Life Insurance - Why Pay More?
----------------------
message : 




\ Life Insurance - Why Pay More?


We see the first raw has a cosine similiarty score of .84.  The high score indicates that these documents are likely a match. When we review the text itself, we see that  'message' is introduced into new_headlines which causes the departure from a cosine similiarty score of 1. 

### Text two

In [8]:
print(headlines[1])
print("----------------------")
print(new_headlines[1])

FORTUNE 500 COMPANY HIRING, AT HOME REPS.
----------------------
FORTUNE 500 COMPANY HIRING, AT HOME REPS.

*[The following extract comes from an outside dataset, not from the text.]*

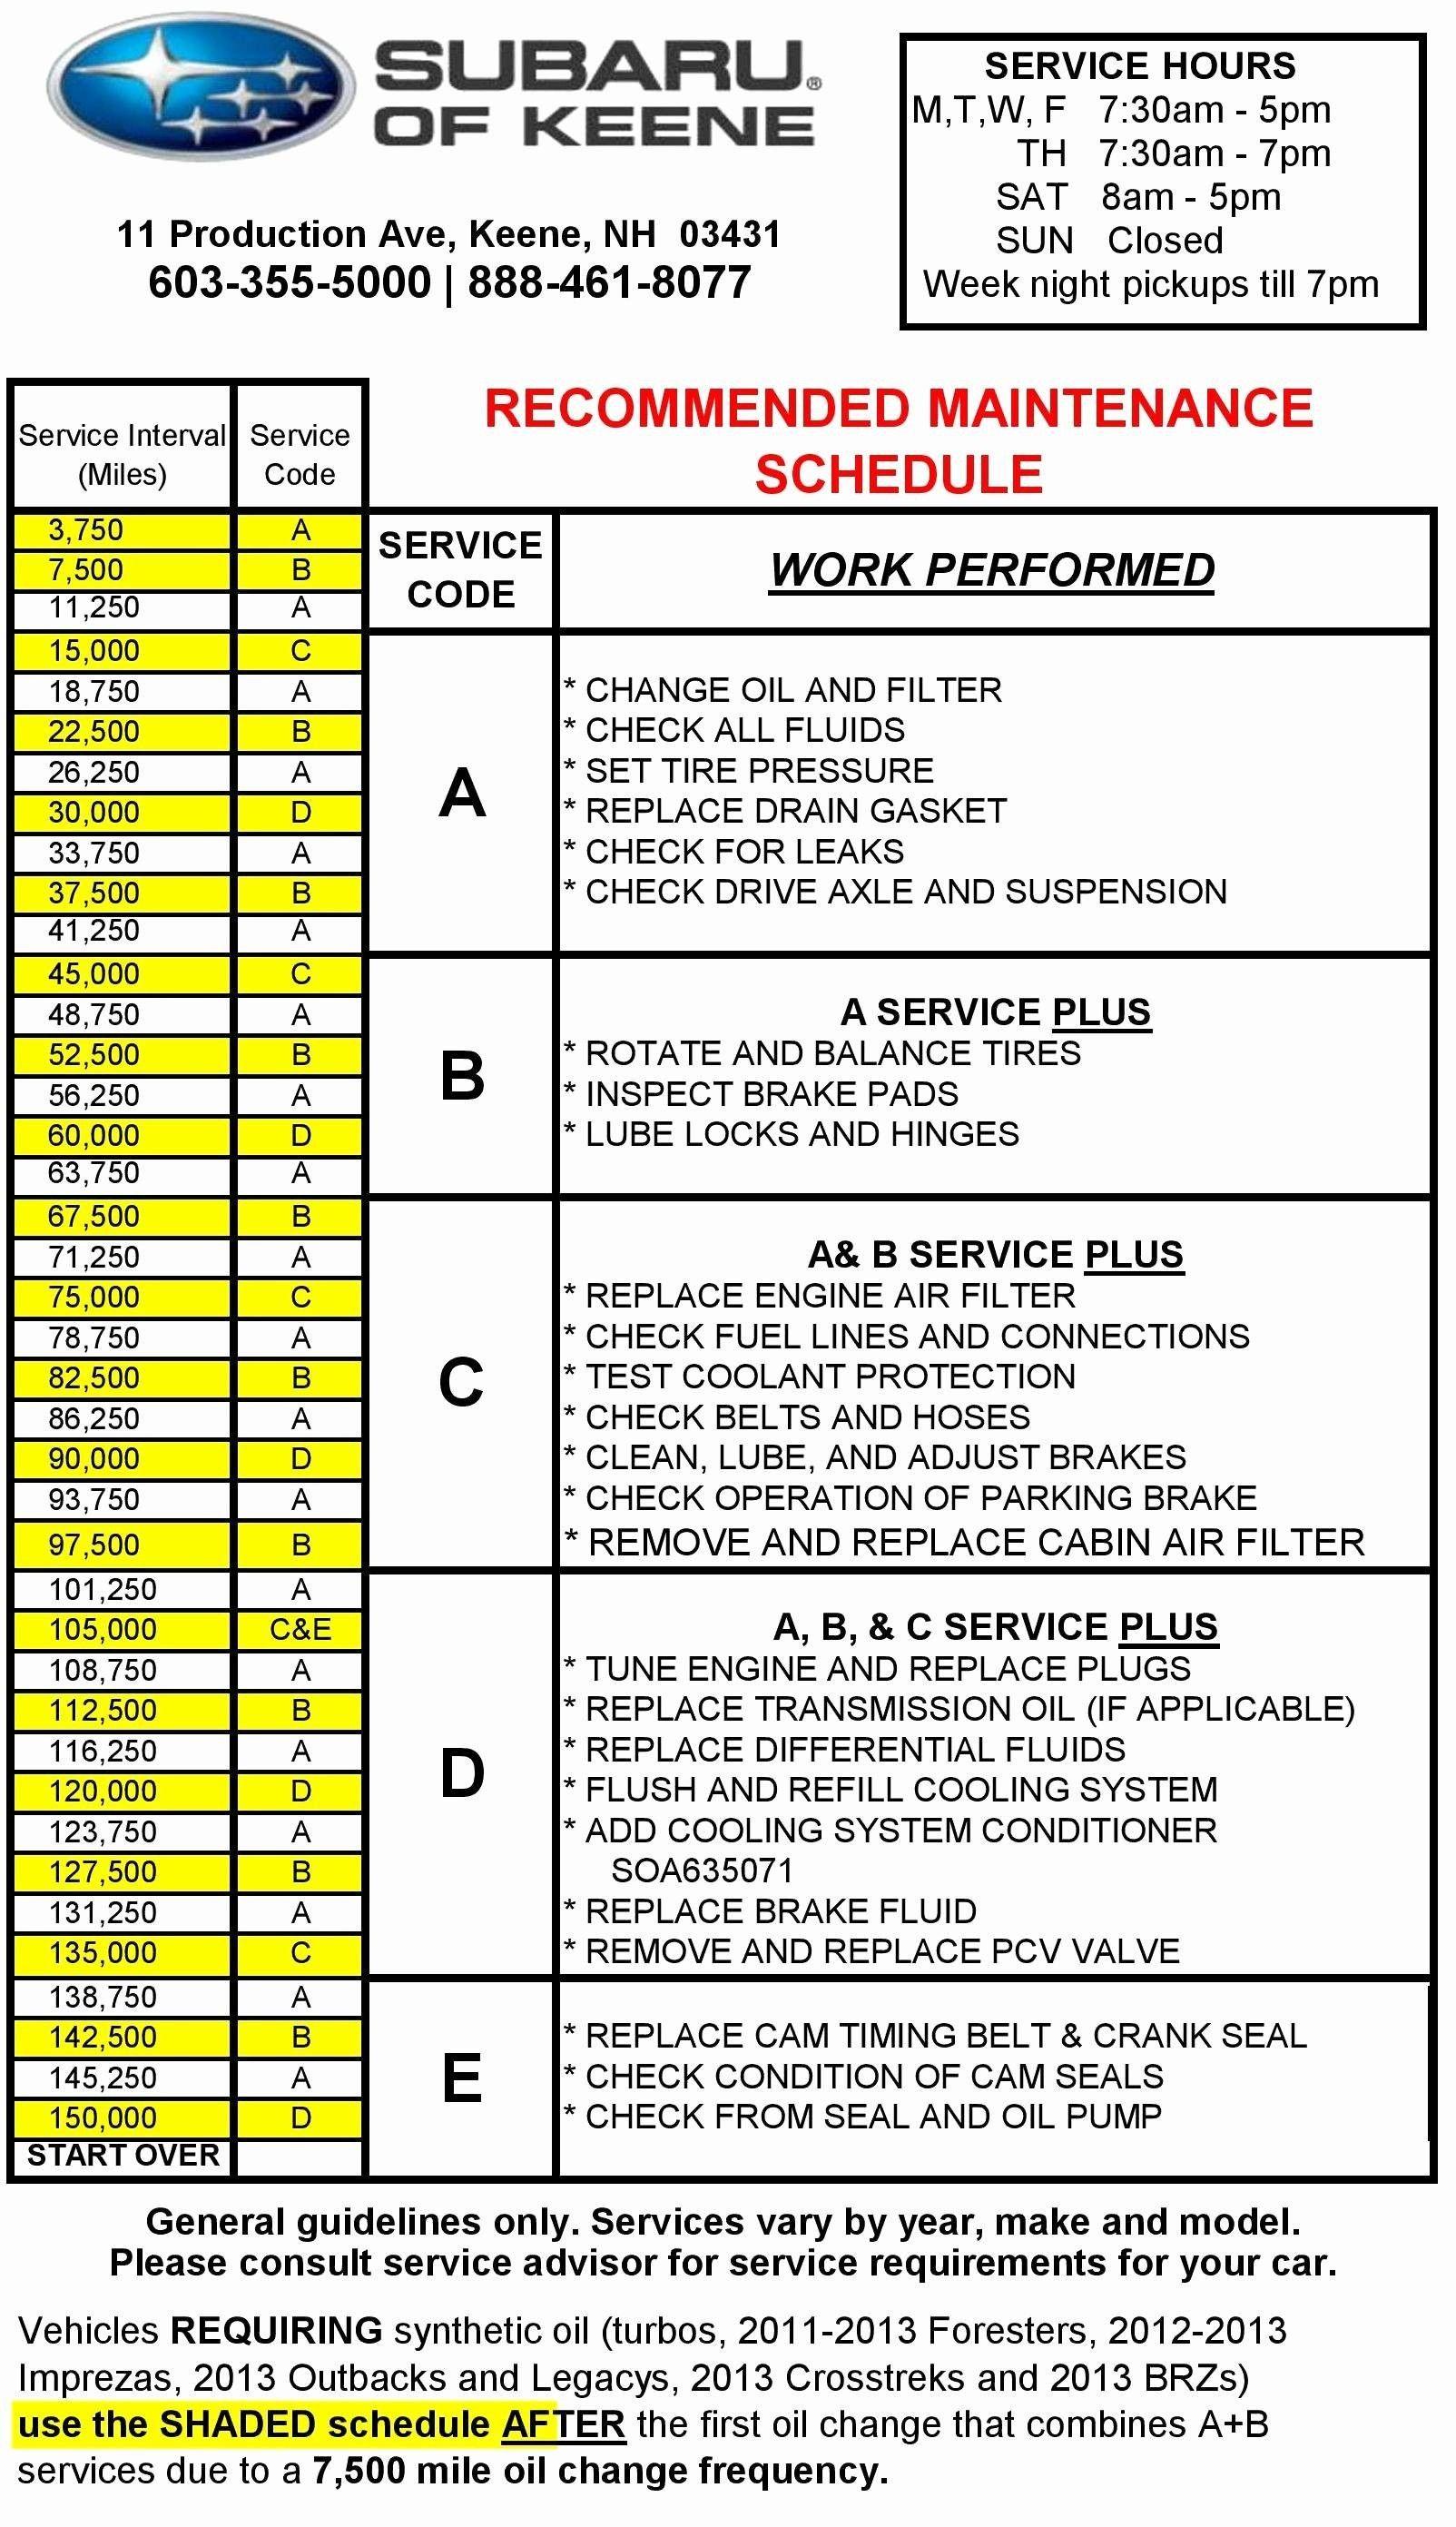 Microsoft Excel Timeline Template Microsoft Excel Timeline Template Microsoft Excel Timeline Tem Practices Worksheets Worksheet Template Budgeting Worksheets

The second text has a cosine similiarty score of 1. This is great, this indicates that the texts are exact matches. We can verify this by looking at both print statements.


### Text Three

Finally, we have a cosine similiarty score of  0. Score of 0 indicates  that these documents are not similiar at all. This would prompt futhur investigation into these texts. Let's print them and take a look!

In [9]:
print(headlines[2])
print("----------------------")
print(new_headlines[2])

Re: PROTECT YOUR COMPUTER AGAINST HARMFUL VIRUSES! 21198
----------------------
My name is Bodie


Clearly, these are two different  text. Our cosine similairty scores caught this and identified this for us. Therefore we can trust this on scale veryifing thousands of documents etc.

# Final Thoughts

My hope is that this notebook was useful. Often I've seen other tuturials teaching cosine similiarty as a basis of NLP work. But I haven't seen it used a data quality check in any type of use case. I was excited to use machine learning in a creative way.